(Beginning of INFORMATION PROVIDED)

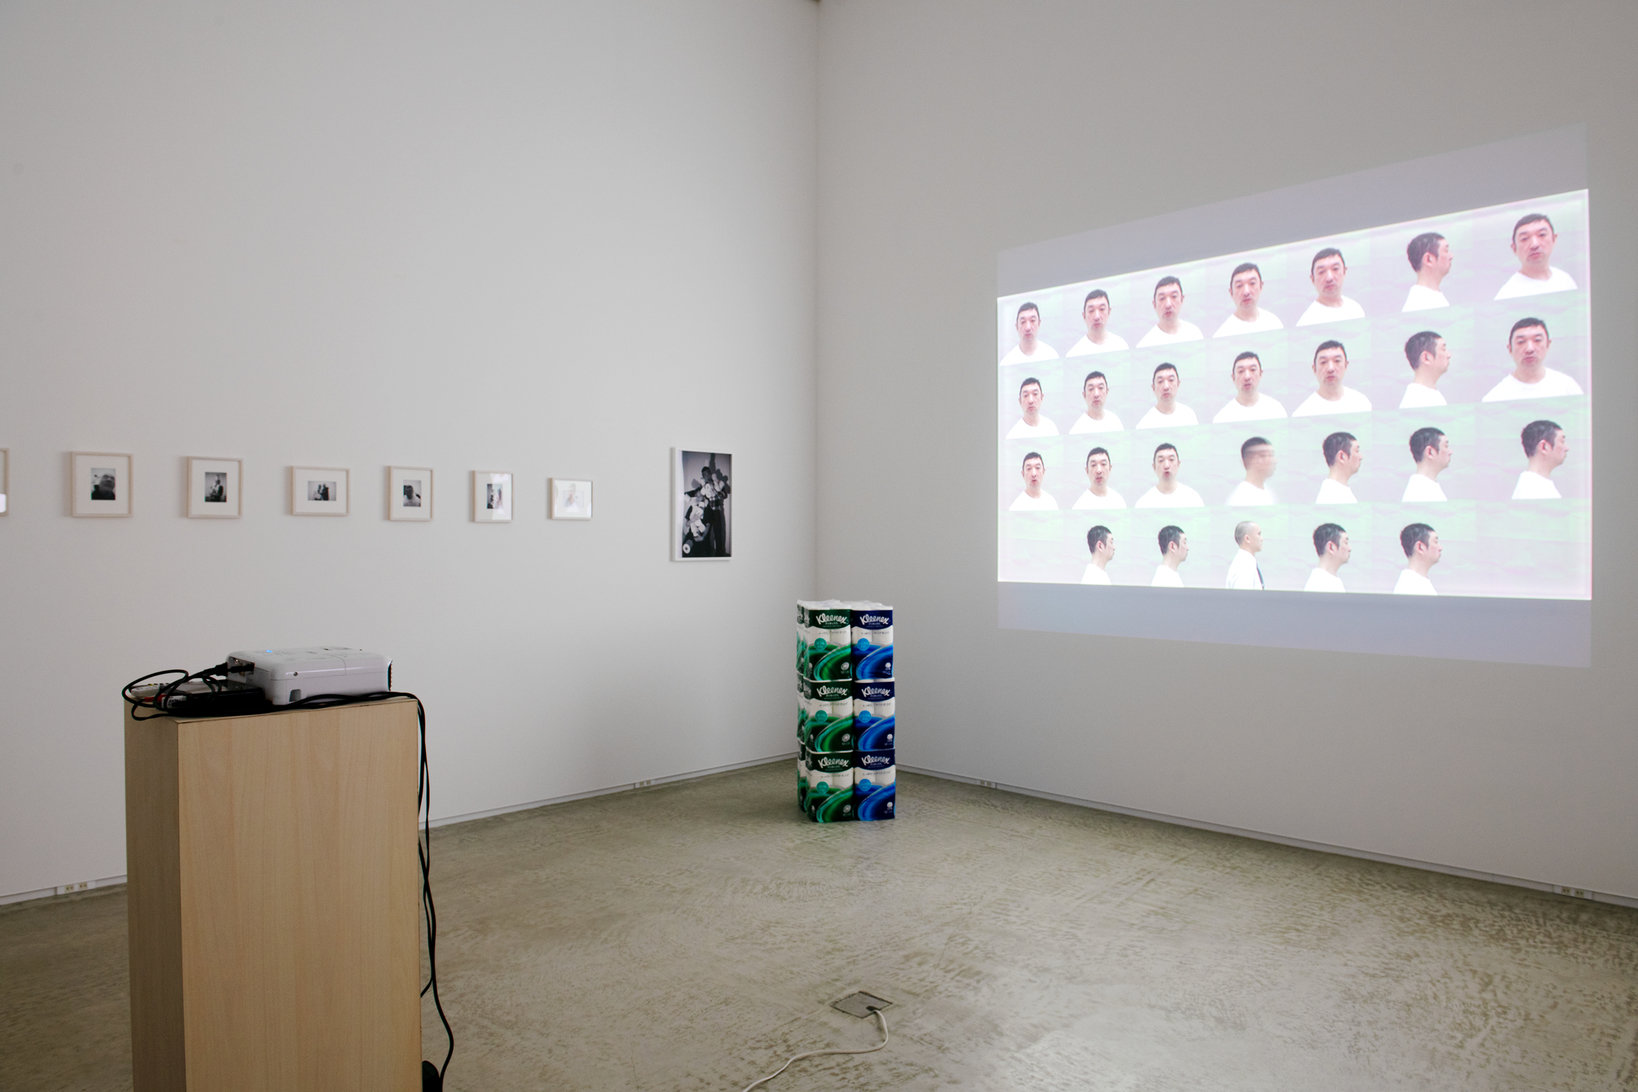 "Ken Kagami & COBRA""Romantic Comedy""2020 Installation view at MISAKO & ROSEN Courtesy of the artist and MISAKO & ROSEN, XYZ collective"
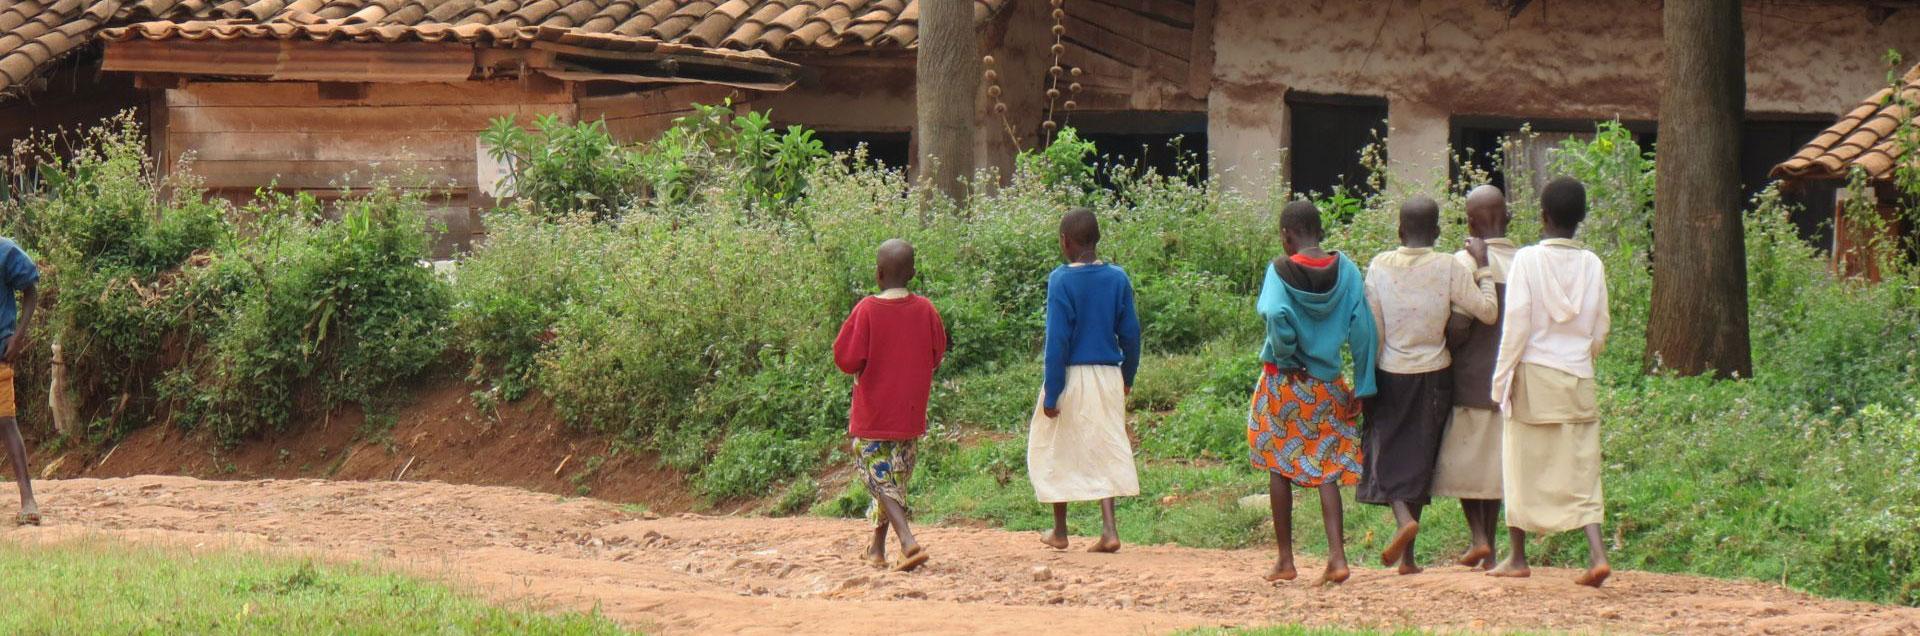 mejora-oportunidades-mujeres-burundi
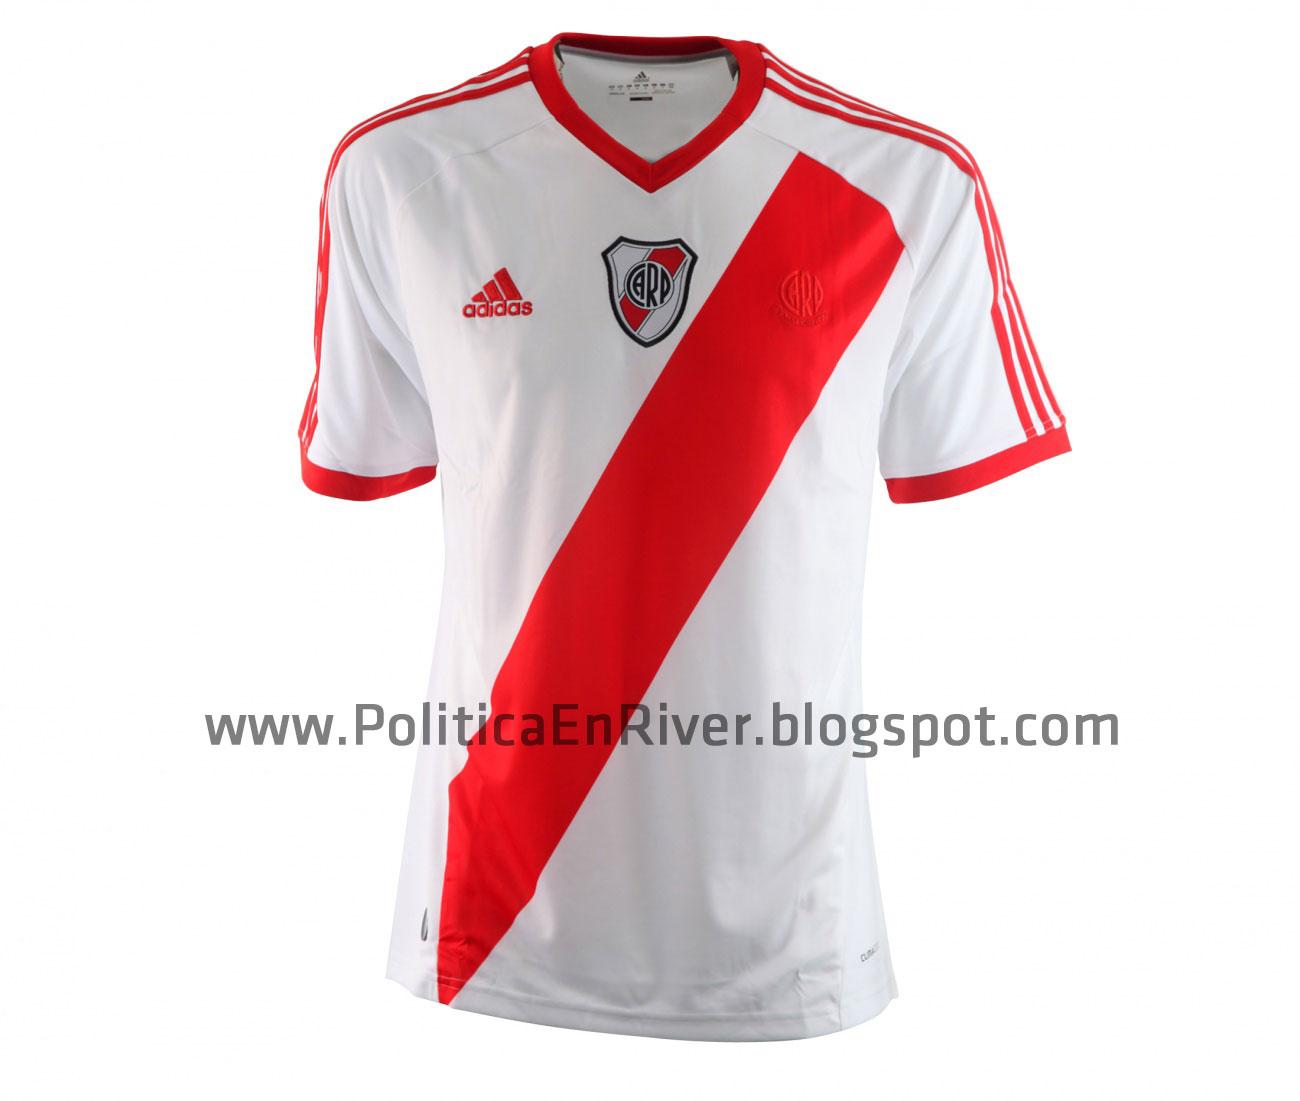 Politica en River  Nueva Camiseta River Plate 2010 9804e138167b2

(End of INFORMATION PROVIDED)

### TASK GOAL
Please transcribe exactly the lines from the one containing "mejora-oportunidades-mujeres-burundi" through the final line of the data, including both, and nothing else. Pictures are to be left out.

### SOLUTION TO THE PROBLEM
 mejora-oportunidades-mujeres-burundi
 Politica en River  Nueva Camiseta River Plate 2010 9804e138167b2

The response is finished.